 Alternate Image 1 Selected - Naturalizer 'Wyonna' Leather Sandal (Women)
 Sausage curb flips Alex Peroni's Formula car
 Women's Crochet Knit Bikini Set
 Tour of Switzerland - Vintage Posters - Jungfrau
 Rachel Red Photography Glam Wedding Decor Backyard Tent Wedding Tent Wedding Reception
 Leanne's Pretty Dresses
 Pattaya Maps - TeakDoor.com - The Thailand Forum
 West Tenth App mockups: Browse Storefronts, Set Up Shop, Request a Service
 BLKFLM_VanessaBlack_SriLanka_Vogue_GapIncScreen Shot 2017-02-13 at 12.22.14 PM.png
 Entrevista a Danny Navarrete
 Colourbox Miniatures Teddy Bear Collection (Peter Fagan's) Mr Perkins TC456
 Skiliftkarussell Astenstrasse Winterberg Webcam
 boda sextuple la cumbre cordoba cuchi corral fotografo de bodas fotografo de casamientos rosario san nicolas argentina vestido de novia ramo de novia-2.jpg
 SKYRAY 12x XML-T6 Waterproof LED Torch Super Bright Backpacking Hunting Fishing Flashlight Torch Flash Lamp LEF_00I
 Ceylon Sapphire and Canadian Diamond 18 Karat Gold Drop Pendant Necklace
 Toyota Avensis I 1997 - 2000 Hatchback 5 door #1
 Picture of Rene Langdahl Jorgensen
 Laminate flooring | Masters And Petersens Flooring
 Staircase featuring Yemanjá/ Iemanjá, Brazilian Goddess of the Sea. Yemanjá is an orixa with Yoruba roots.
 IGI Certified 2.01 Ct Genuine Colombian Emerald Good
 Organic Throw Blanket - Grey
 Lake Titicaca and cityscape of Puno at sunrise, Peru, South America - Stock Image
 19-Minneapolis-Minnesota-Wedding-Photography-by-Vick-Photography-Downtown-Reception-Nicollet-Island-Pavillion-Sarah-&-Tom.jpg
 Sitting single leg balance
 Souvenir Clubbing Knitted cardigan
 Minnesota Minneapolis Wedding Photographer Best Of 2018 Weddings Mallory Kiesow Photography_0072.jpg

→ WORK TO BE COMPLETED
Copy each line of the records above that carries the word "Reception".

→ EXPECTED ANSWER
 Rachel Red Photography Glam Wedding Decor Backyard Tent Wedding Tent Wedding Reception
 19-Minneapolis-Minnesota-Wedding-Photography-by-Vick-Photography-Downtown-Reception-Nicollet-Island-Pavillion-Sarah-&-Tom.jpg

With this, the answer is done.